Though Barbara’s grandmother, former First Lady Barbara Bush, died at age 92 in April, the bride accessorized her custom Vera Wang gown of ivory silk crepe with a sentimental reminder of her namesake.
“It’s really sweet. The ‘something borrowed’ that I’m wearing is this bracelet that my grandfather gave to my grandmother on their 70th anniversary,” Barbara told PEOPLE. Her “something blue” was a pair of earrings from Jenna.
The former first daughter also revealed that she and Coyne — who has acted in the 2005 hit Jarhead, as well as independent films such as Look at Me and The Snowtown Murders — tied the knot after a whirlwind, five-week engagement and in the same week when Coyne relocated from Los Angeles to make his new home with Barbara in Manhattan.
The couple, who have kept their romance under wraps until now, were set up by friends on a blind date last November and committed as a couple by New Year’s Eve — despite living on opposite sides of the country, with Coyne in Los Angeles and Barbara in New York.
Coyne, a native of Atlanta, Georgia, is the son of Darlene and Edward James Coyne, Jr. The groom’s brother, Edward Coyne III, served as best man; his mother and sister Katie each gave a reading during the private, family ceremony, as did the bride’s mother, Laura.
“We’ve been excited to do such a small wedding with just our family,” Barbara says.
It was during a family gathering at Kennebunkport this summer, Barbara adds, that she and Coyne were walking along the oceanside rocks when he suddenly dropped to his knee in the same spot where Barbara’s grandparents got engaged almost exactly 75 years earlier, in August 1943.

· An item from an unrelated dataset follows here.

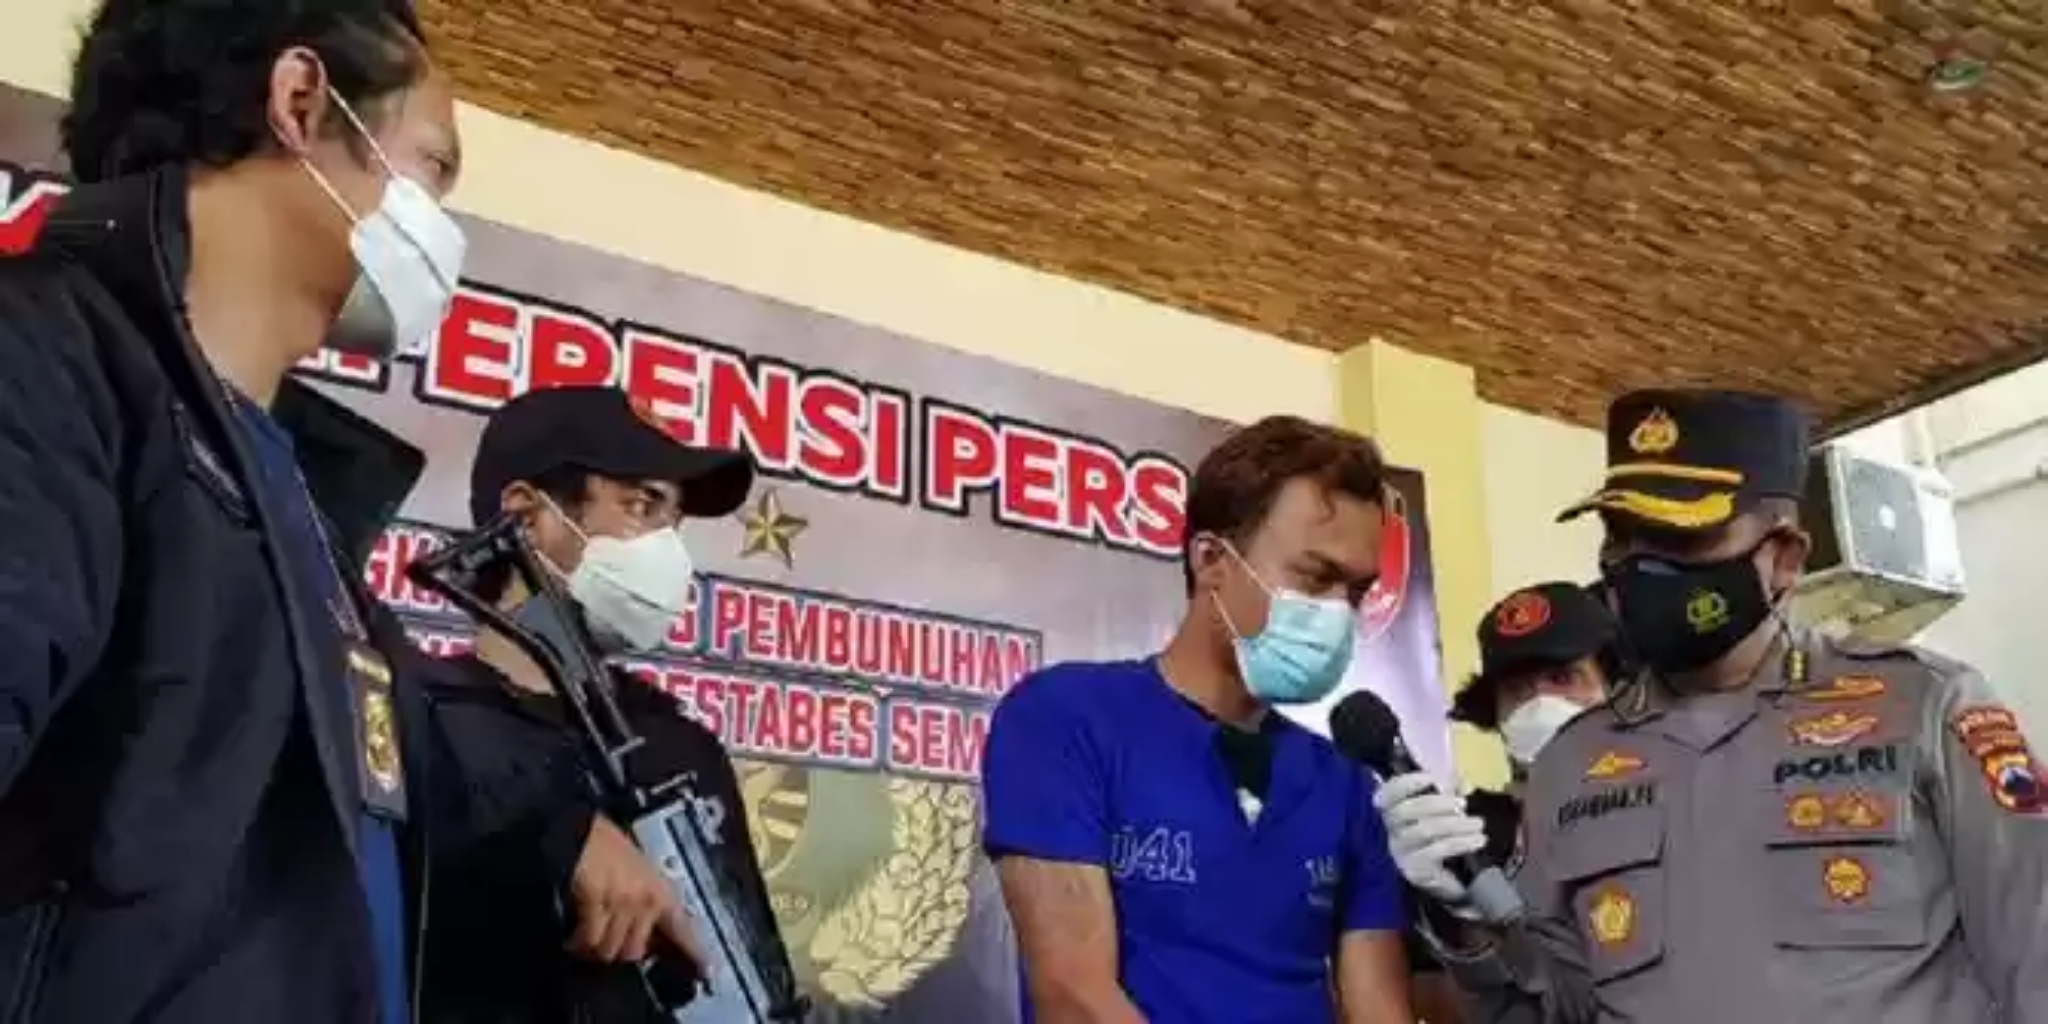 Pembunuh Wanita Dalam Lemari Hotel Semarang Ditangkap, Motif Kesal Korban Pencemburu

“It’s just been a very sweet romance,” Barbara says. “And we’ve been long-distance for most of it — he’s been in LA and I’ve been in New York — but we’ve gotten to spend a lot of time together.”
While her more gregarious twin, Jenna, also 36 and a correspondent for NBC’s Today show, married Henry Hager in 2008 and had two daughters, Barbara has kept her love life intensely private as she devoted time to building from scratch a nonprofit group that trains and deploys young professionals to address community health problems in under-served areas in the U.S. and Africa.
As CEO of Global Health Corps, which she co-founded in 2008, Barbara revealed to PEOPLE in 2013 just how little her work allowed for time at home. In the past year she’d been to Rwanda, Burundi, Malawi, Uganda, Zambia and several U.S. cities.
“I’ve spent so much time in Africa,” she said at the time, “I know the taxi drivers at the airports.”
During a September 2017 interview with PEOPLE at her downtown Manhattan apartment, Barbara was asked if she was ready to take a step back and make more time for a partner and children of her own.
“I’m definitely at a different place. It’s not a startup anymore,” she said. “I would love to have a family, if that’s right for me.”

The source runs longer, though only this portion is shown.